Written By: Diana Bailey – Corporate Finance
Geopolitical risk is becoming a major issue of security for businesses and in particular the banking sector. Since his inauguration in January 2017, there remains a lot of uncertainty around Trump’s cybersecurity plans and policies. His election run-up placed a glaring spotlight on cybersecurity—with the media speculating that Russian hackers played a role in securing his presidential victory against Hillary CIinton. Now that Donald Trump is in office, his administration and the policy choices it will make are a primary concern for economic and political leaders across the globe.
As the leader of the United States, one of the world’s largest economies, Trump being in office has led to many questions from various political leaders and interested parties around the world. Further to this, cybersecurity is a growing risk on many fronts—in particular, geopolitical risk is a growing concern. One of the major questions for 2017 is how these two uncertainties will combine? One primary answer will be that the focus of cybersecurity will shift from that of security to privacy—this is one of Trump’s top priorities and is also a direct consequence of dealing with today’s geopolitical risk climate. Relevant US commentators have indicated that the Trump Administration will be preparing in particular for cyber-threats from nations looking specifically to disrupt the ideologies of US and Western economics and politics—with potentially the biggest threats coming from Iran, China and North Korea.

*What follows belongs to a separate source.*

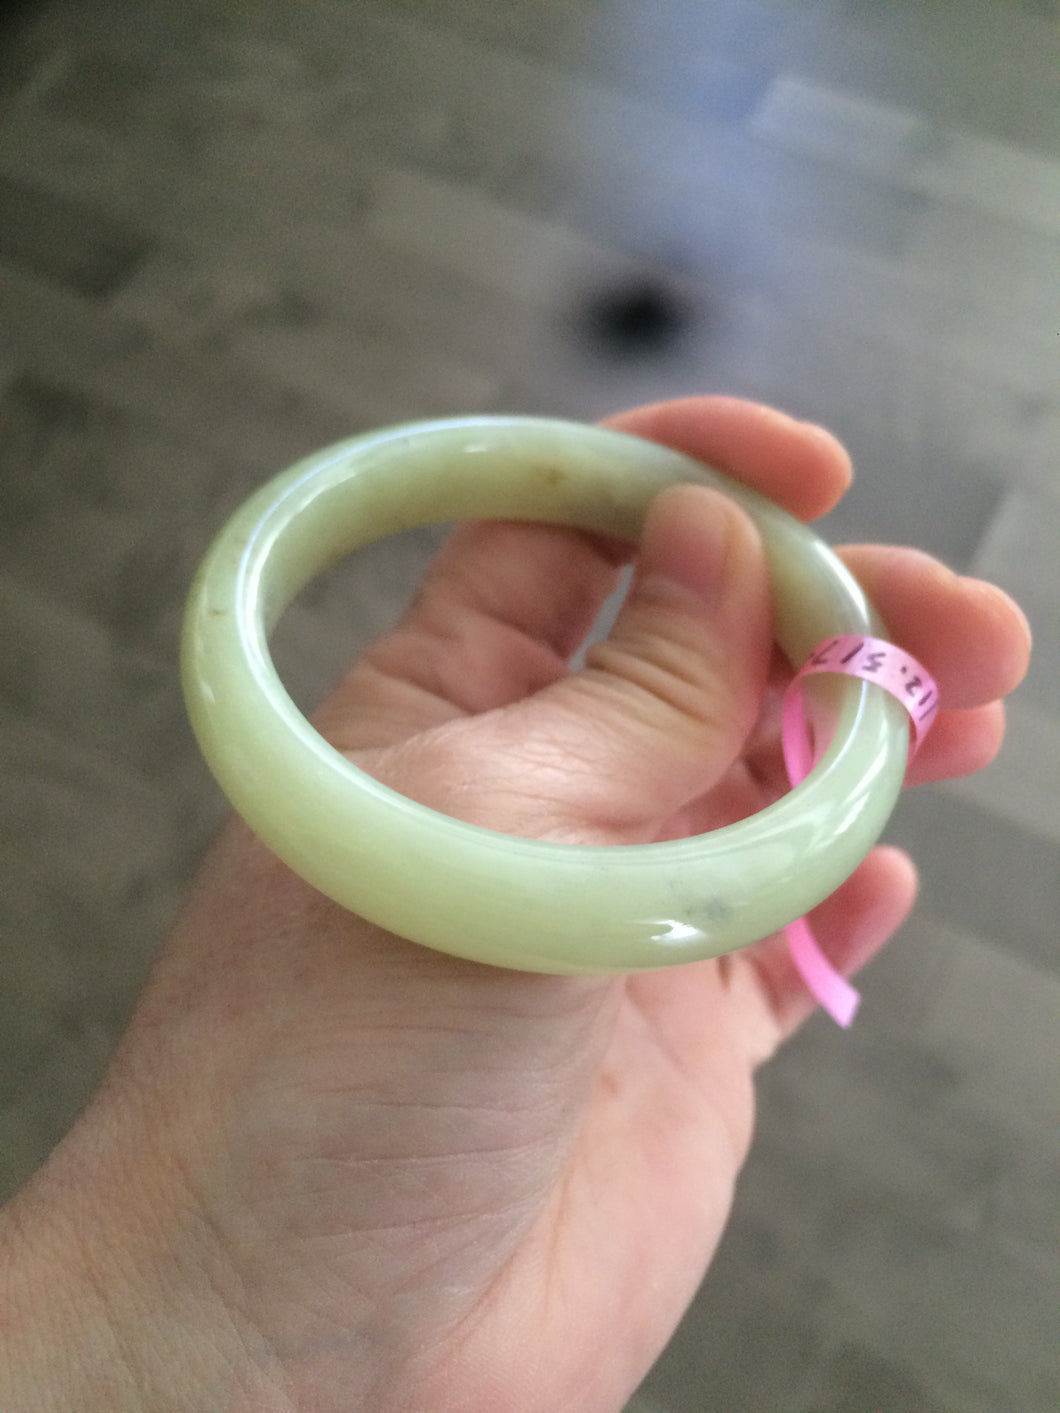 Sale! 54.3 100% Natural yellow/brown super oily nephrite Hetian Jade bangle Y10

As a life-long “big business” man, Trump has already outlined plans to strengthen US corporate activity—this is likely to lead to increased ties between the government and the private sector. On the one hand, this has the power to improve business activities. On the other, this places businesses in political crosshairs when it comes to cyber-risks and the relevant adversaries. In particular Trump has been meeting with tech-sector executives to discuss changes to the online US business environment and infrastructure. Based on his past comments, Trump will enact protectionist policies that could lead to tensions with countries in which these tech companies currently outsource massive amounts of manufacturing and skilled labour.
In addition, how data is managed at these tech companies, as well as other online entities, is likely to change under Trump’s leadership. He has made it clear that he wants stronger cybersecurity and will seek to refine cybersecurity policies to protect US interests against dynamic and changing threats. Trump has outlined plans to increase spending on cybersecurity—in particular diverting more resources to the US cyber-command department. Trump will also likely seek to change regulatory cybersecurity policy—tightening restrictions and enhancing the NIST Cybersecurity Framework that was developed in direct consultation with the private sector. Trump’s enhanced concern with privacy will be somewhat of a double-edged sword. One the one hand, he will likely enact policies to protect US information and data from external breaches and hacking from global threats. However, on the other hand, it is likely that he will seek to reduce the privacy rights of US citizens. His administration has expressed a lesser regard for privacy when it comes to meeting security standards. For example, Trump’s team has supported an FBI case to force Apple to breach its iPhone privacy and security policy as part of gathering evidence in a case. When it comes to banking and finance, security and privacy are both critical elements of day-to-day operations. Encryption is the primary mechanism of maintaining secure and private communications and transactions over the Internet—this includes online banking, online shopping and many other online financial-transaction based services that have become a vital part of the economy. If the government gains access to encrypted communications, everyday security and privacy will be violated substantially and could lead to new risk exposures.
These types of changes in the security of everyday lives and transactions are likely to drive demand for a relatively new sector of insurance: cyber-insurance. The challenge for the providers of this insurance will be ascertaining the price—as the actuarial data and statistics are limited for this relatively new area. Although there will be a number of frictions to begin with, it will be worth the investment for insurance firms and underwriters that have been hit with numerous large claims in dealing with cybersecurity issues previously under more general guidance and coverage. Specialised expertise will help streamline this financial liability more effectively.
These factors understandably lead many to wonder what data and information the Trump Administration will be tracking in day-to-day life—will this extend to online transactions and services, cloud providers, personal computing and the currently expanding “Internet of things”? Will this lead to global parties tracking data and information in increasing volumes? Whether the lesser level of privacy will lead to greater security is questionable, and this action may in fact increase the risk of hacking and abuse of such collected data—leading to worsened levels of security. The stakes of cybersecurity have definitely changed with Trump as leader of the free world—the conundrum of effectively dealing with the uncertainty of these changes remains unsolved. Cybersecurity expertise and intelligence will need to be applied deftly in handling the fast-paced dynamics of these risks.